- Location within the Weimar Republic
- State: Hamburg
- Electorate: 658,401 (1919) 932,831 (1933)
- Major settlements: Hamburg, Cuxhaven

Former constituency
- Created: 1920
- Abolished: 1938

= Hamburg (electoral district) =

Former constituency of the Reichstag (Weimar Republic)

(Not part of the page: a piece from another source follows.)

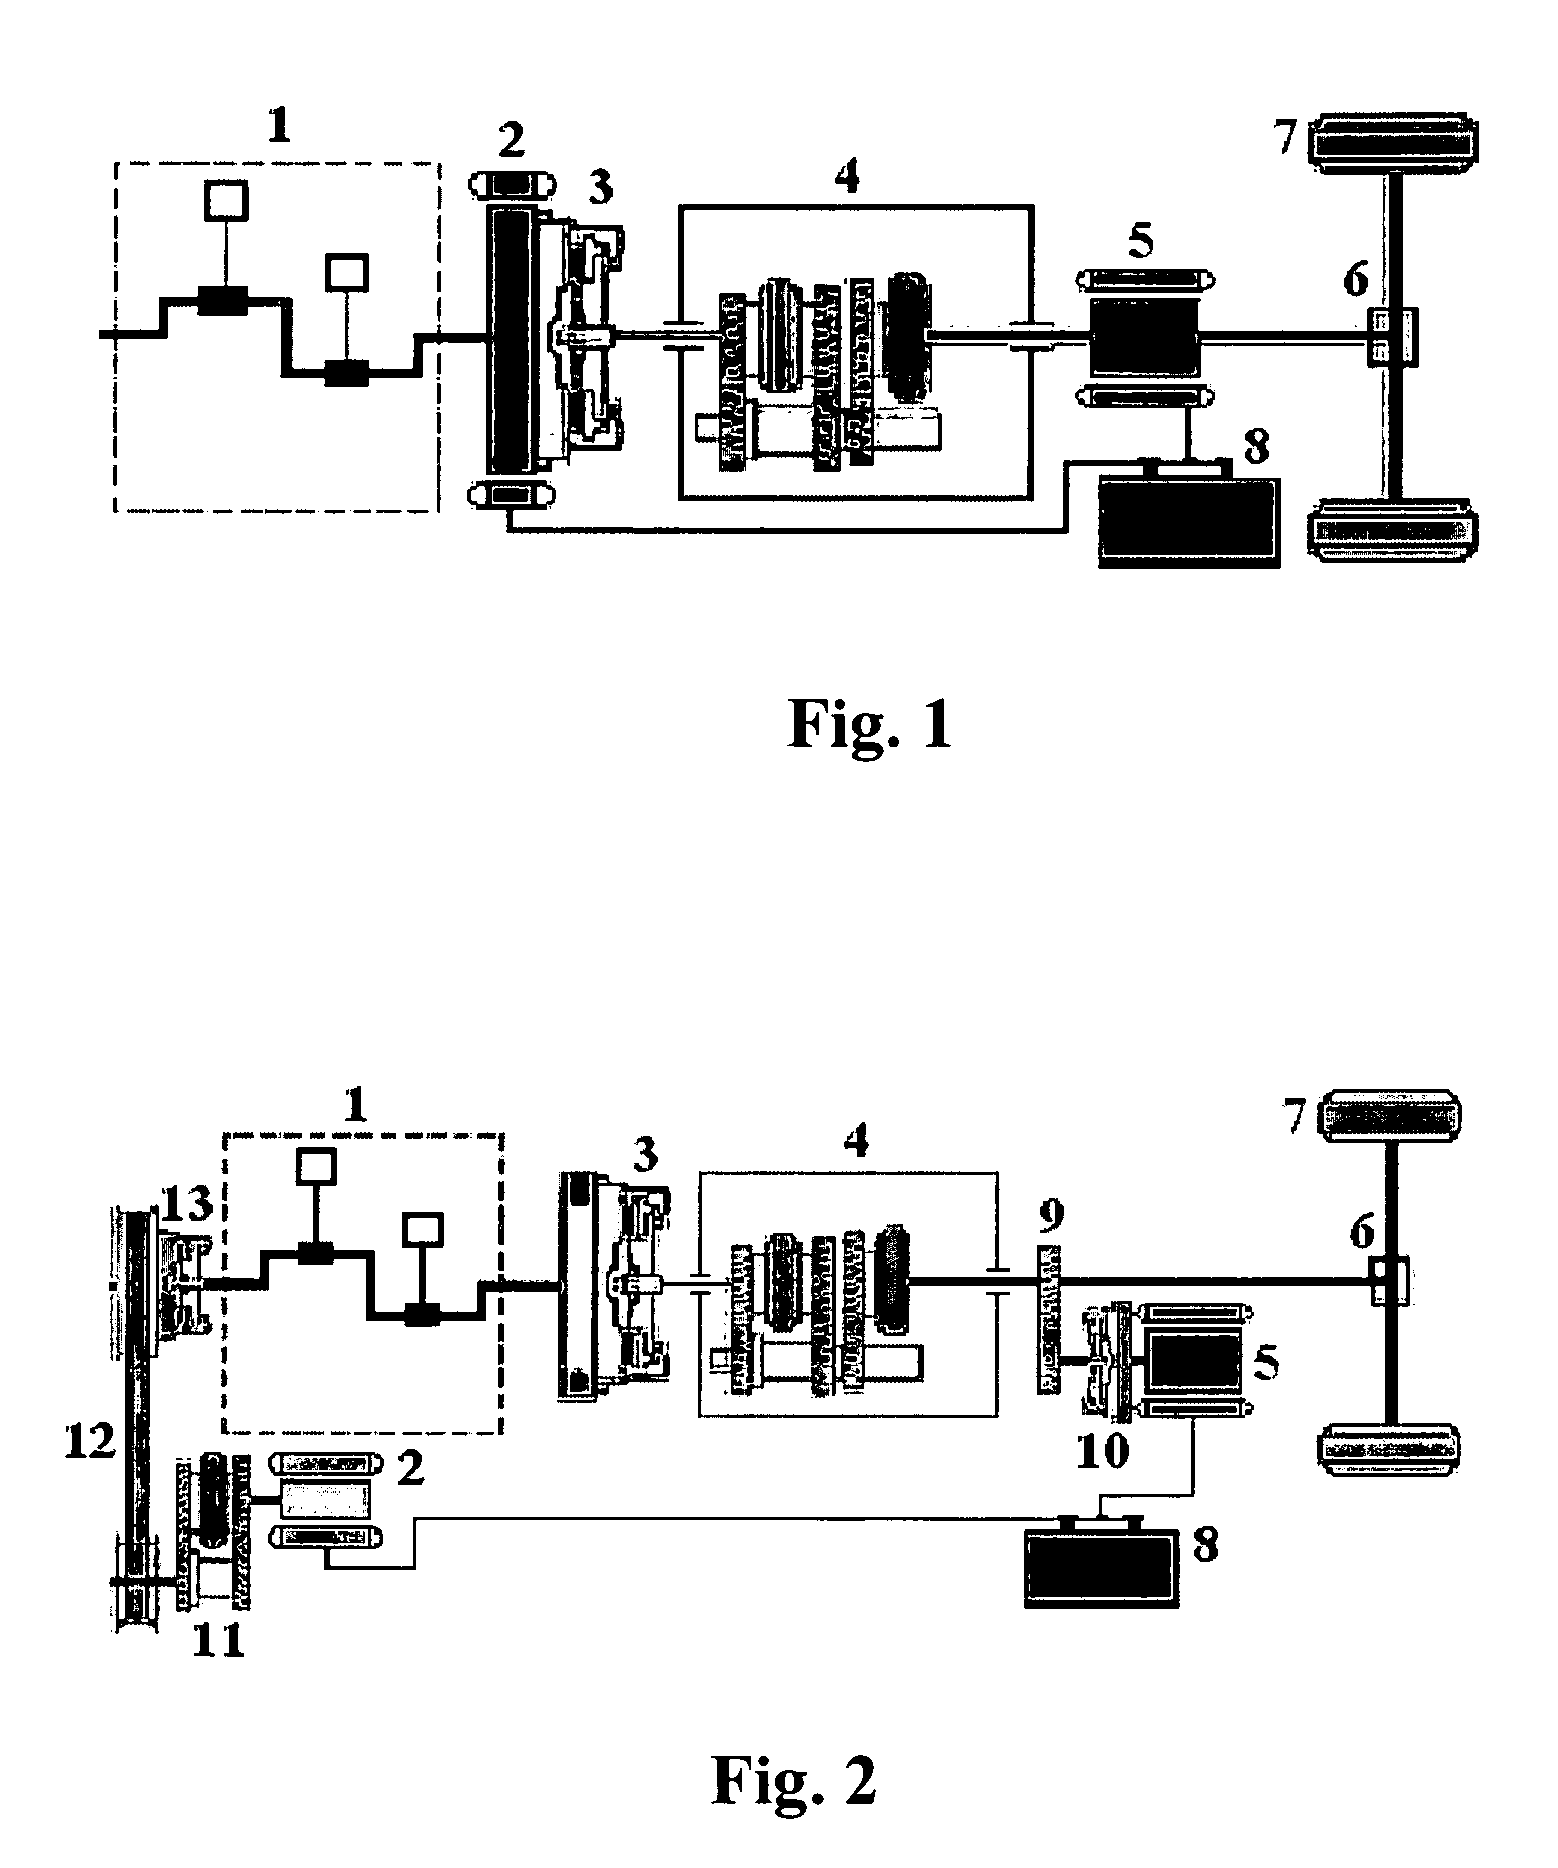 Power system for dual-motor hybrid vehicle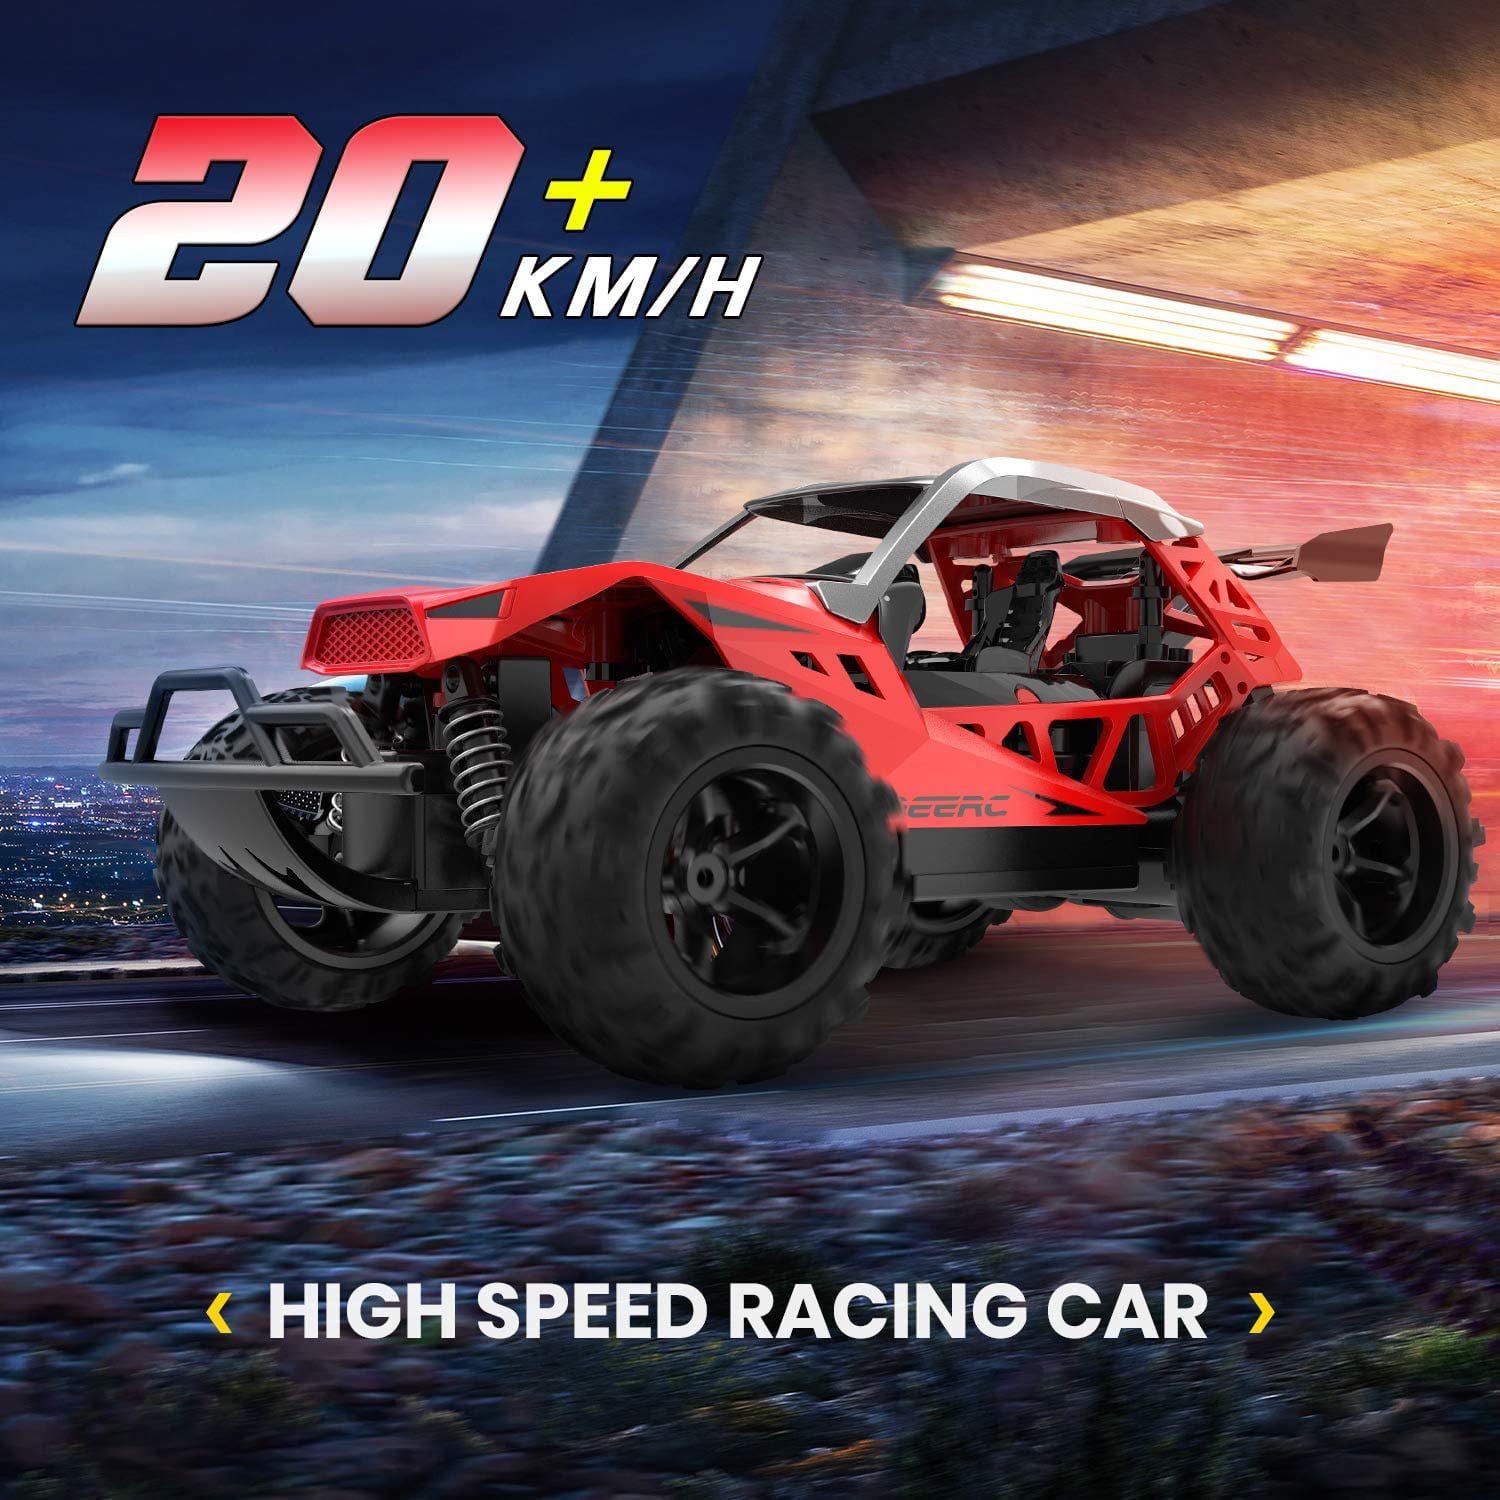 DEERC Remote Control Car for Kids Electric Monster Truck Off-Road Vehicle High-Speed RC Car 2.4GHz 20 KM/H 1:22 Scale Toys Gifts for Children

Hamburg was one of the 35 electoral districts (Wahlkreise) used to elect members to the Reichstag during the Weimar Republic. It sent members to the Reichstag in eight democratic elections between 1920 and 1933. It existed nominally in the show elections to the Nazi Reichstag until 1938.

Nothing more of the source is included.